Cebollita C-- Language Specification

C-- is a restricted subset of C. The language is similar to C, although it has a weaker type system (if that can be possible), and a restricted set of built-in types, operators, control constructs. Its goal is to be simple enough that a student can understand/modify the compiler, while illustrating the mapping of high level language features to assembly language. It should, however, also be expressive enough to write reasonably interesting benchmark programs.

Below are the major features/bugs/differences from C:

Comments

Only // single line comments are accepted. Currently no quoted strings are allowed in comments (BUG).

Control Constructs

Only if and while are supported. The body clauses must be surrounded by curly braces, even if there is one statement. The following is not legal:
if (x == 10)          // syntax error!
  y = x;

while (x != 0)        // syntax error!
  x = x - 1; 
The above would need to be rewritten as:
if (x == 10) {
  y = x;
}

while (x != 0) {
  x = x - 1; 
}
Note that the commonly used dangling form of if-statement is illegal in C-- syntax:
if (foo) {
  // do one thing
}
else if (bar) {
  // do another thing
}
else {
  // do yet another thing
}

Datatypes

The only supported types are: char, int, char*, int*, arrays of chars, and arrays of ints. Typedefs and composite types (structures) are not allowed.

Global variables

Are supported. A variable that is defined (globally) in another file, must be declared extern in a file that wishes to reference it (as in regular C programs). Initializers are limited to literal data of the allowed types (just ints and strings, see below). Intializers may not be arbitrary expressions -- just literal data! Here are some examples:
int i = -10;              // initialize i to -10
int j = 0x1234abcd;       // initialize j to 0x1234abcd
char newline = 10;        // a single character
char* msg = "hello";      // an initialized message
int* foobar = 24;         // a pointer to address 24
char buffer[20];          // a buffer of 20 chars...
int myInts[10];           // an array of 10 ints
extern int* intArray;     // an array defined elsewhere
extern char gCH;          // a character defined elsewhere

Literal Data

Only integers and strings may be expressed as literal data in C--. Integers may be signed decimal or hexidecimal (eg. 0x0000FFA1). Strings are (as in C) text surrounded by double quotes ("foobar"). \n, \t, \0 are the only valid escape characters in strings. Strings are allocated globally, and are of type char*.
main() {
  char* msg = "hello there\n";
  printString(msg);
  printInt(strlen(msg));
}

Functions

All functions are assumed to return values of type int. Function definitions do not require a return type. In fact, if one is given, it will be ignored. Actual parameters are not type checked against formal parameters.

Function calls are not type checked -- that is, the number and types of arguments do not need to match the number and type of parameters.
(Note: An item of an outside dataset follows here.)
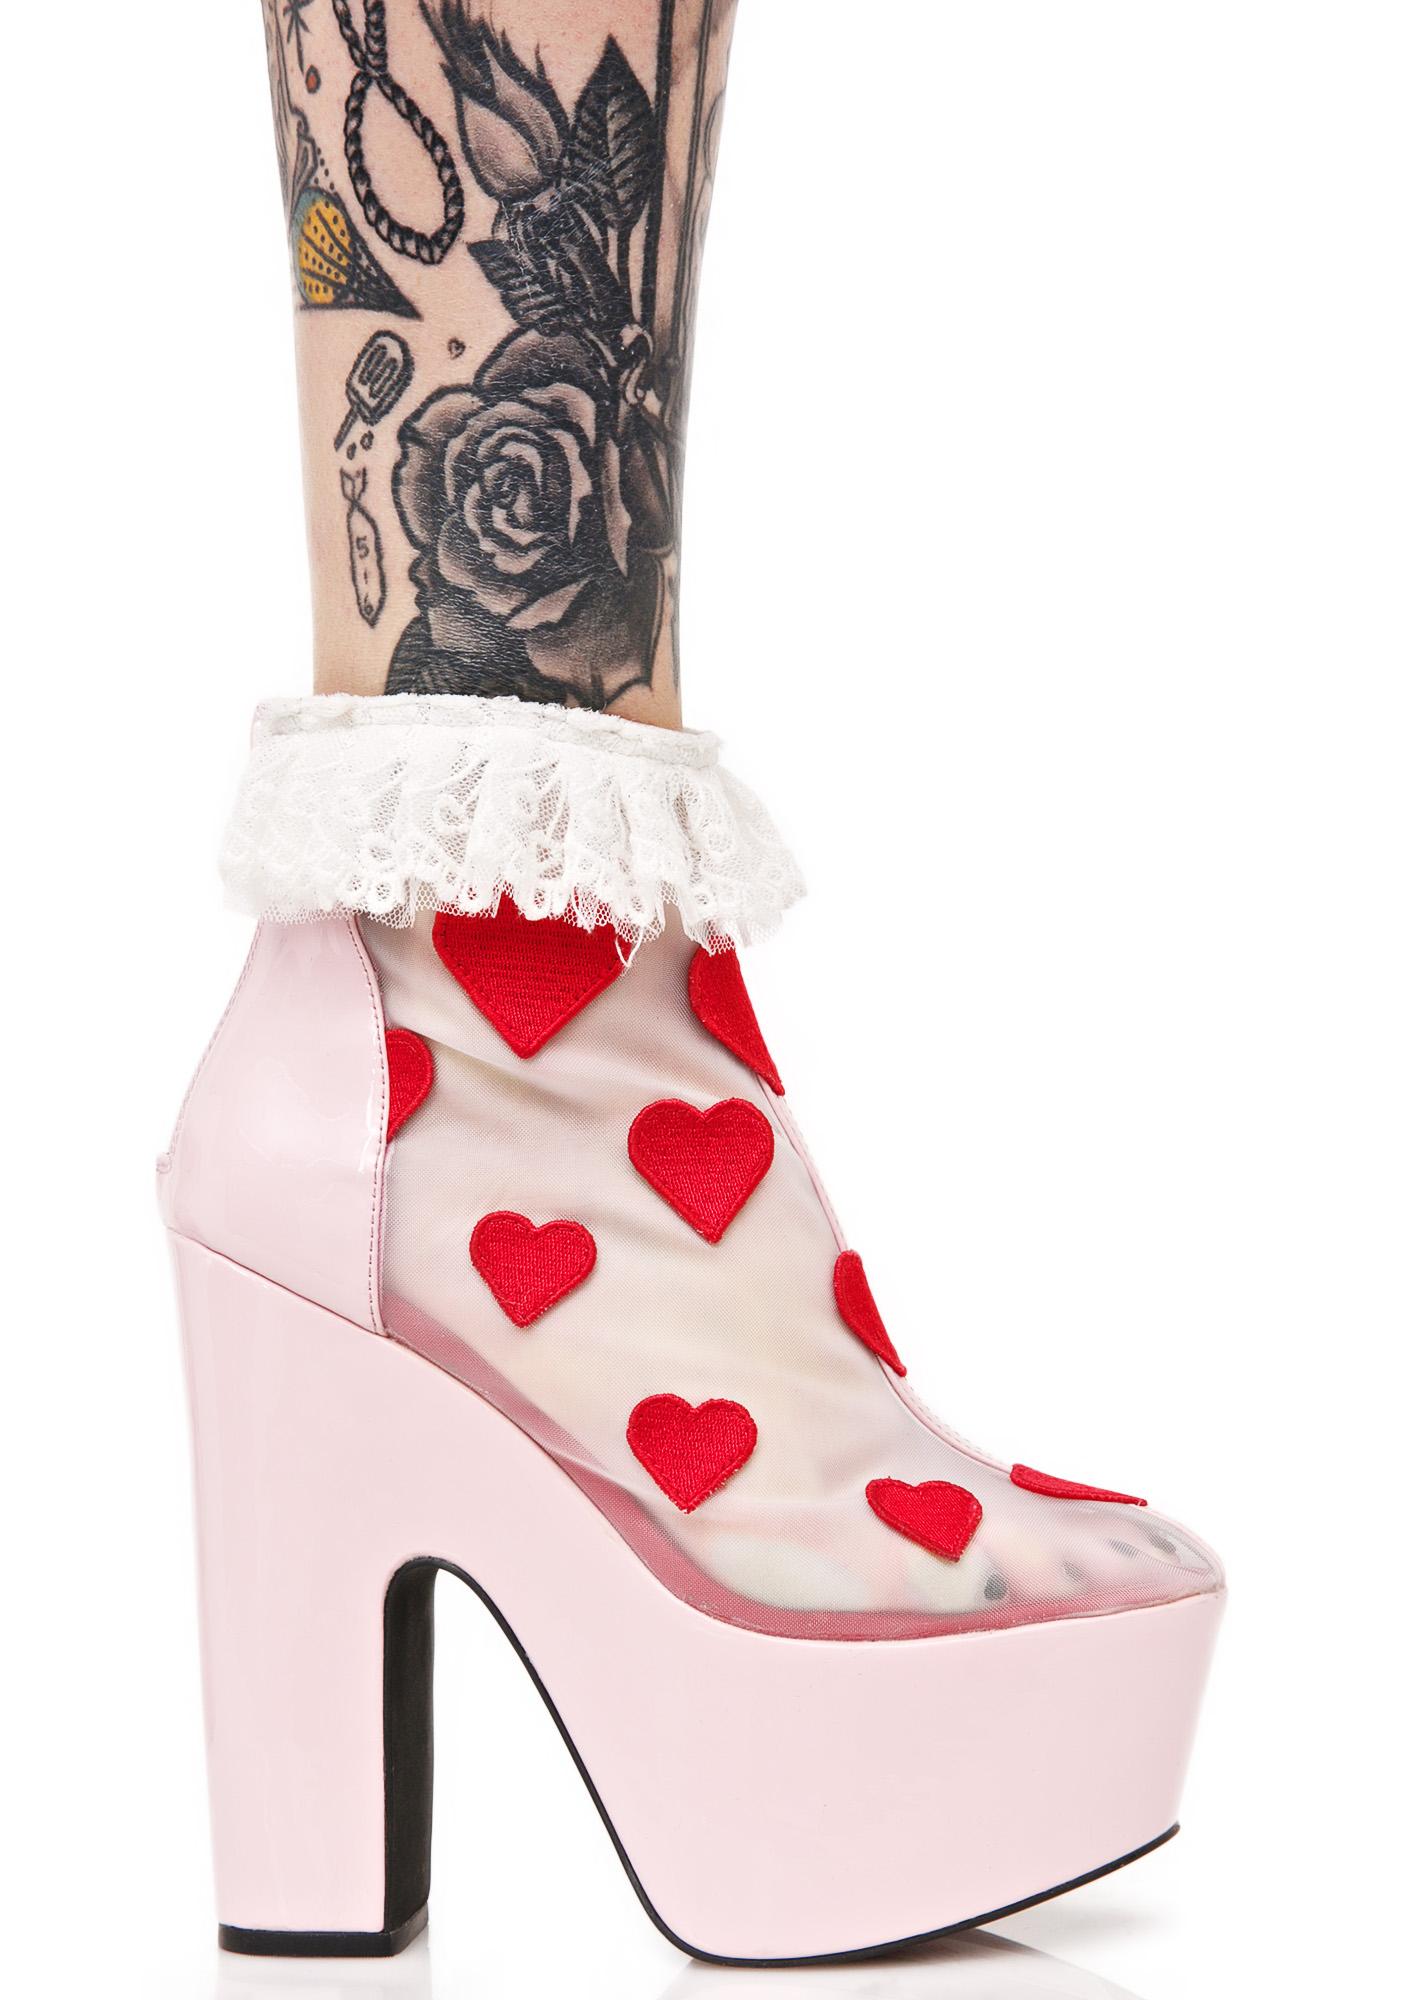 Sugar Thrillz Heart Printed High Heels

For this reason, while external functions are allowed, they do not (should not) need to be declared as extern. This lack of inter-module checking obviates the need for header files. Cebollita neither requires nor supports them.

To return a value from a function, the reserved word return should be used.

Operators

The following operators are supported: +, -, *, /, %, <<, >>, |, &, ^, ==, !=, >=, <=, >, <, [] (array reference).
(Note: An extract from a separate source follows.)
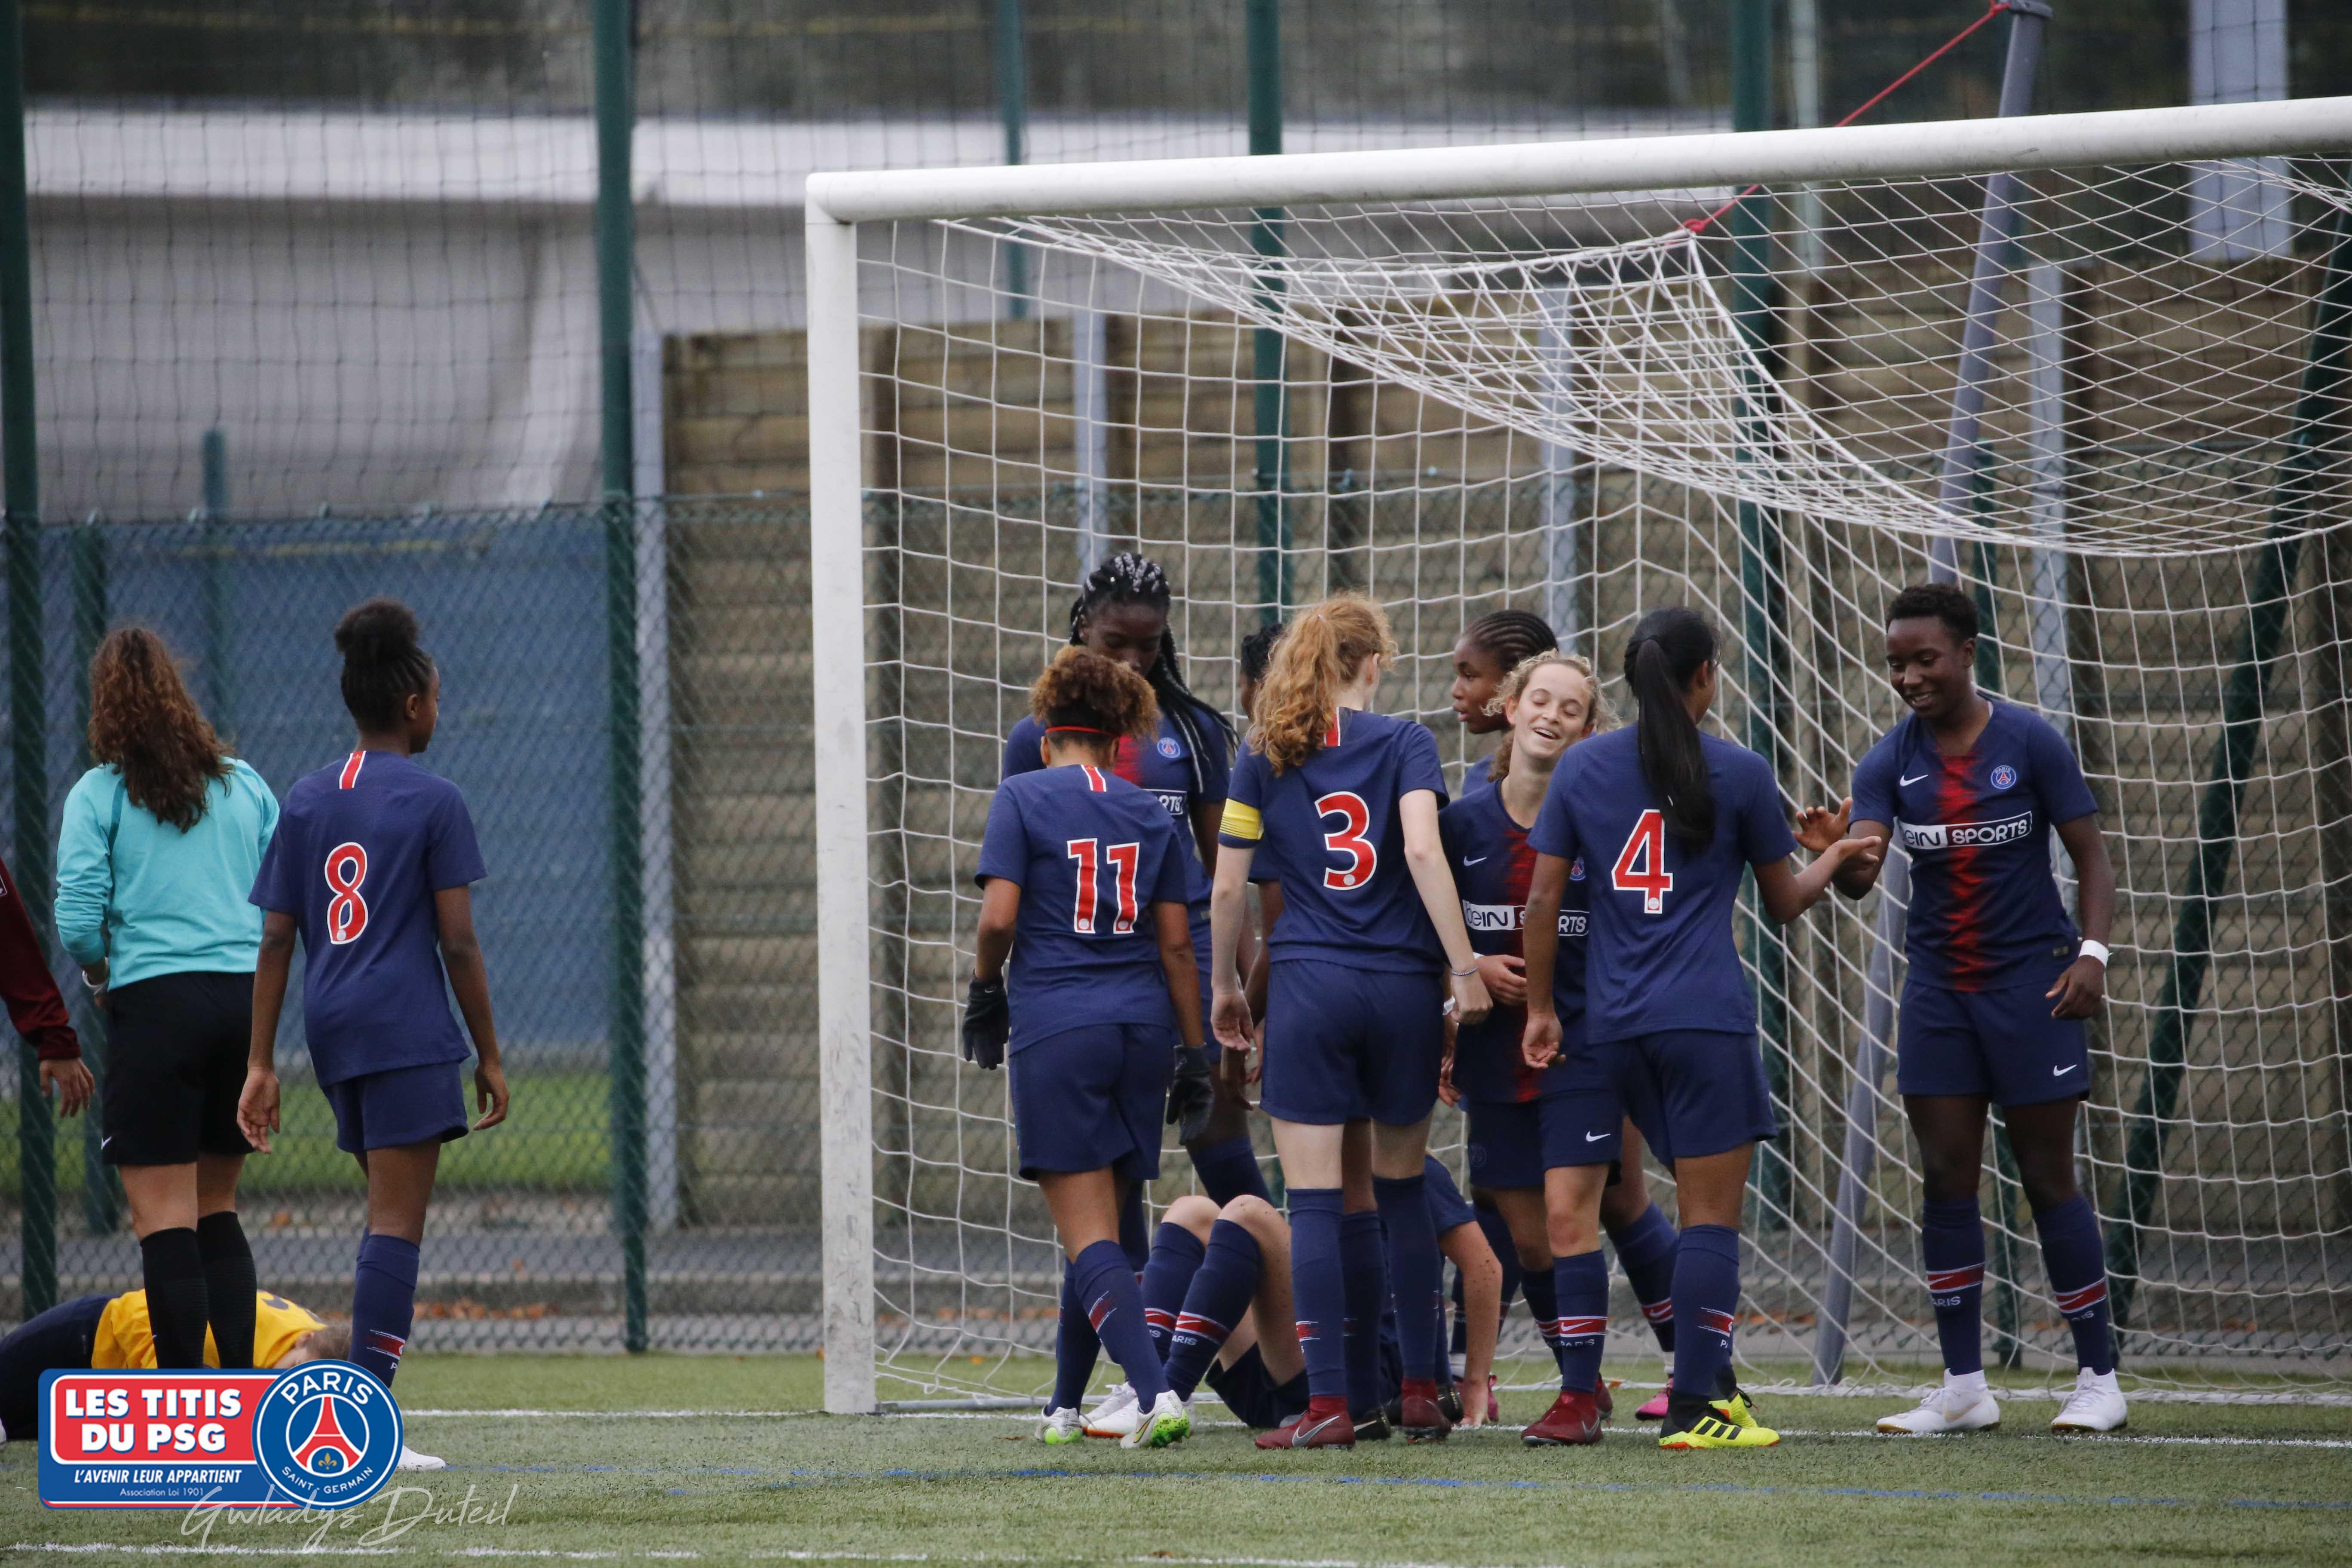 MATCH U19 FÉMININES PSG/FC METZ LE 07/10/2019

NO OTHER OPERATORS (eg. ++, --, ^, &, |, etc) are supported.

Reserved words

The following words are reserved: if, else, while, return, extern.

A Simple Program

fact(int n) {
  int result = 1;
  while (n != 0) {
    result = result * n;
    n = n - 1;
  }  
  return result;
}

main() {
  int n = 9;
  int result = fact(n);
  printString("The factorial is: ");
  printInt(result);
}
The above program would need to be linked against a library that provides the I/O functions printString and printInt.